Elegir entre lo malo y ‘lo menos peor’ parece que es parte de la tradición democrática del país. En esa tradición siempre estamos eligiendo al “menos malo”, al “menos peor”, siempre eligiendo con miedo al porvenir, siempre el país en la cuerda floja, siempre ante una encrucijada. Por cierto, la tradición democrática parece muy poco democrática: la democracia a patada limpia, a gritos, con insultos, con trampas y mañoserías y, para colmo de la paradoja, tocando las puertas de los cuarteles como último recurso, como si, a la final, aquellos que tienen autoridad militar fueran a poner orden en el caos nacional.

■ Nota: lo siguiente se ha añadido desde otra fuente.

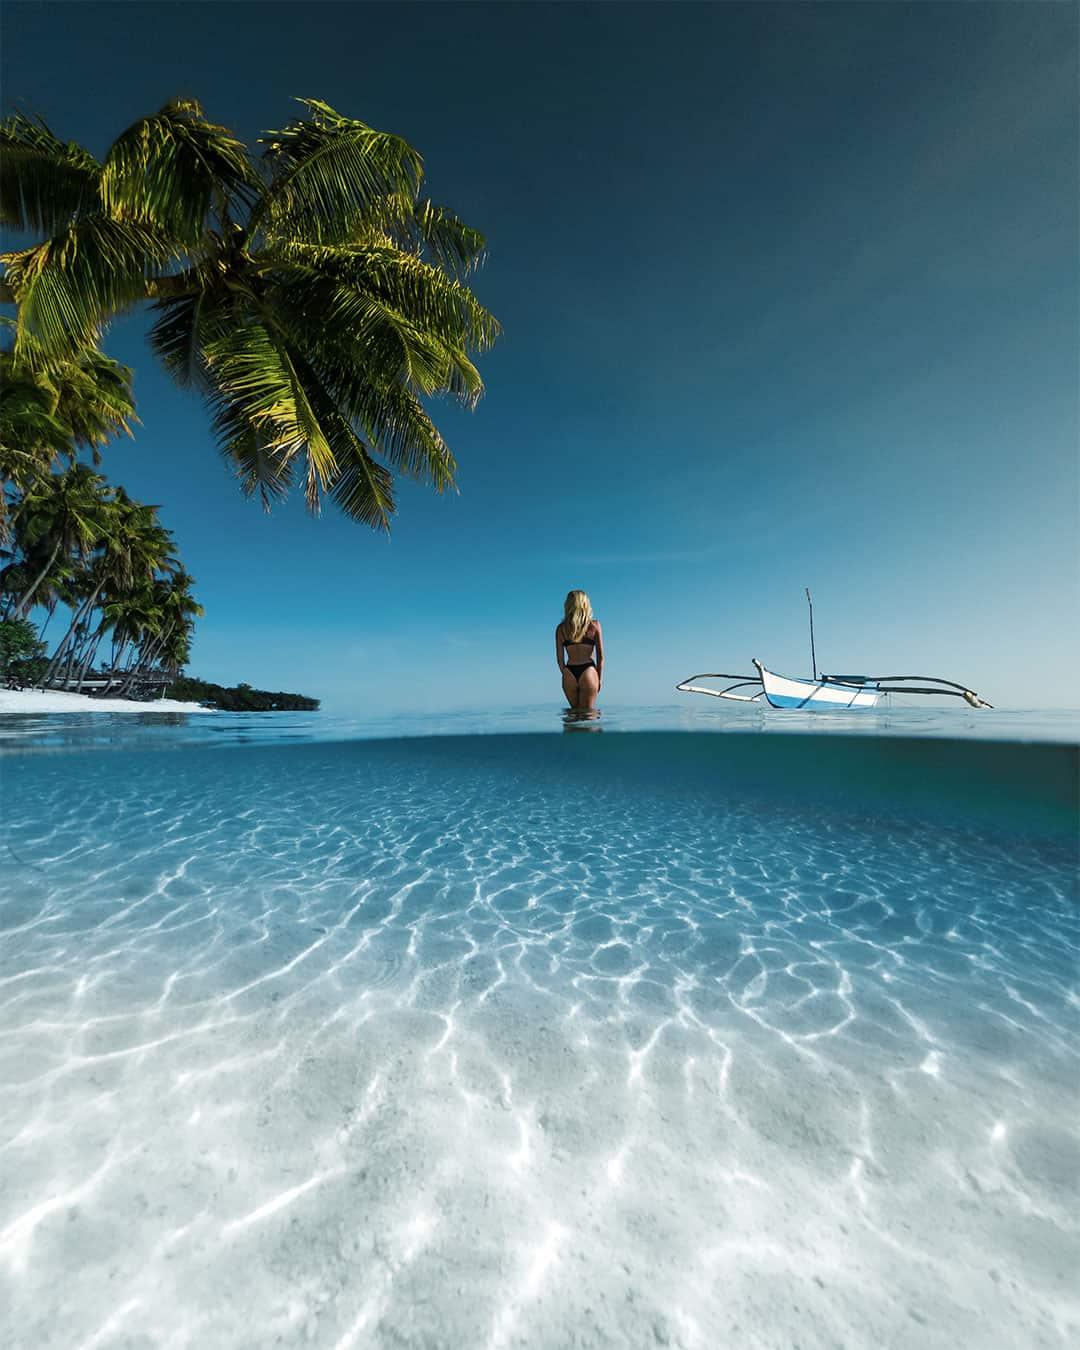 gopro-dome-port-white-sand-beach
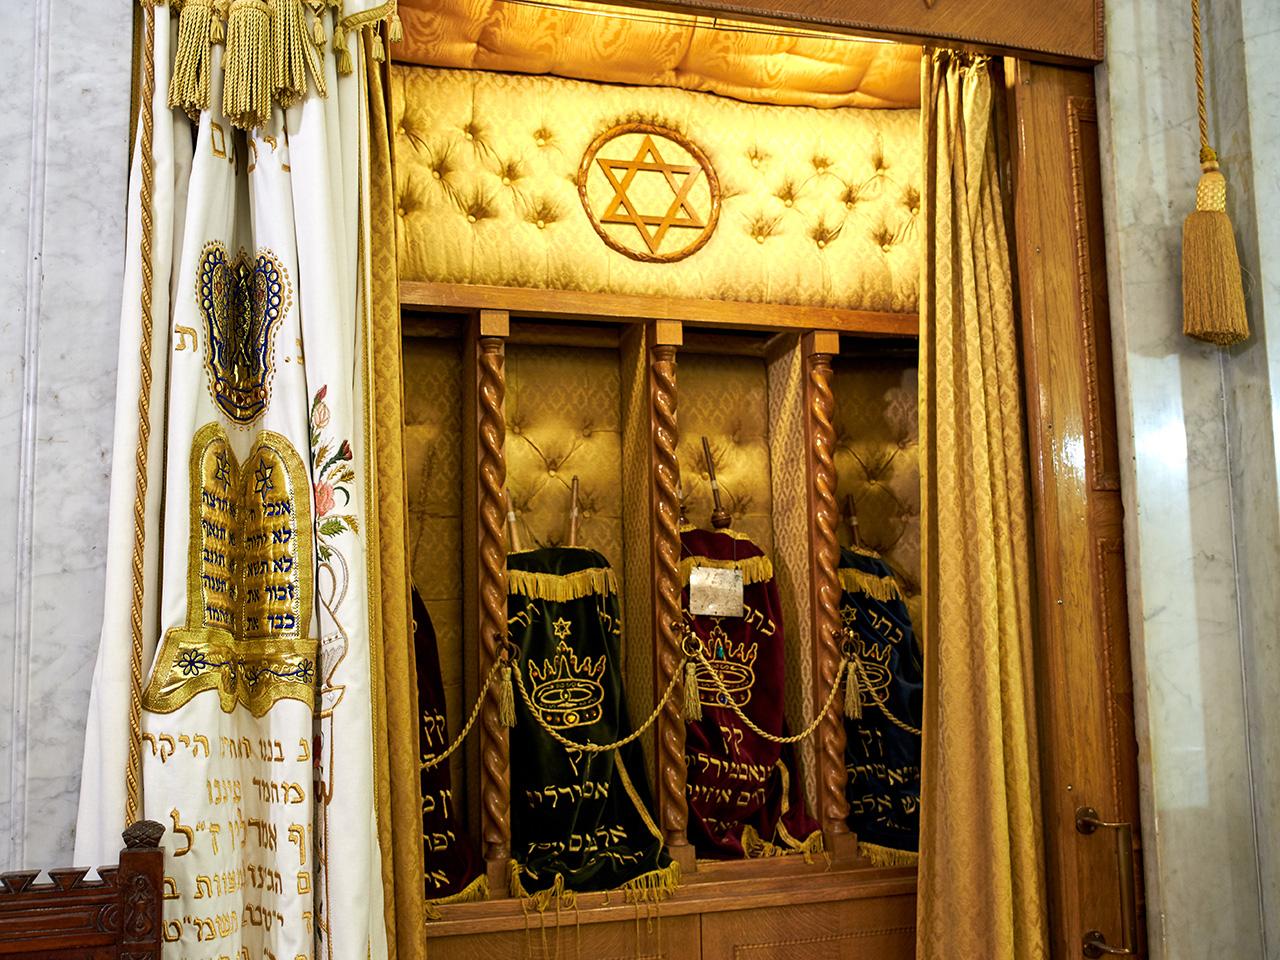 Thessaloniki Monastirioton Synagogue - Greek Jewish tours - Jewish Greek travel packages - Atlantis Travel Agency Greece - Thessaloniki Jewish tour - Jewish tour of Thessaloniki Greece

El electorado termina votando contra tal o cual candidato en lugar de votar a favor de una propuesta o por una convicción, al menos si se trata del voto más pensado e informado. El otro voto, el mayoritario, es siempre por la mejor oferta, la mejor camiseta, el mejor baile y la misma oferta desde hace más de treinta años: pan, techo y empleo, póngale en el orden que usted quiera y con los sinónimos que más se le parezcan y, si puede, dentro de esa gama, distinga entre derecha e izquierda cambiando el orden de las palabras porque el ofrecimiento es el mismo.
Ahora, además de la tradición democrática de tener que votar por el que nos haga la vida menos difícil, si eso fuera posible pues la situación del país ya está difícil, tenemos que salir a la calle a defender el voto porque no nos podemos fiar de las instituciones. Tenemos que pasar días de zozobra, vigilia, angustia, desinformaciones, informaciones falsas, ataques de troleros y sin poder fiarnos de resultado alguno, ni de las tendencias, ni de las estadísticas, ni de las proyecciones ni de algo que suele ser exacto: las matemáticas. No. Ni de las matemáticas nos podemos fiar porque todo en la política nacional huele a chamusquina.
Además de la zozobra, tenemos que aguantar campañas sucias, fotos trucadas, voces que no corresponden a quienes hablan, mentiras fraguadas, cartas falseadas, encuestas más falsas que billete de seis dólares, resultados amañados, sumas mal hechas, robos de papeletas, centros de conteo tránsfugos, verdugos que se vuelven víctimas, actas que dicen una cosa mientras que en la pantalla sale otra. Es decir, tenemos una democracia bajo sospecha. Los ganadores estarán bajo sospecha. Los asambleístas que han entrado estarán bajo sospecha. Los parlamentarios andinos estarán bajo sospecha. Y los ciudadanos, burlados e irrespetados, sin más opción que comerse el cuento y esperar a votar por lo menos malo, por ‘lo menos peor’.
Tenemos una democracia enferma, raquítica, en la que las minorías no tienen derecho ni siquiera a expresarse. Una democracia autoritaria en la que se imponen las mayorías. Una democracia que no implica acuerdos, consensos. Pero además, una democracia que pone duda sobre los ganadores pues no se sabe si han ganado limpiamente o con trampa.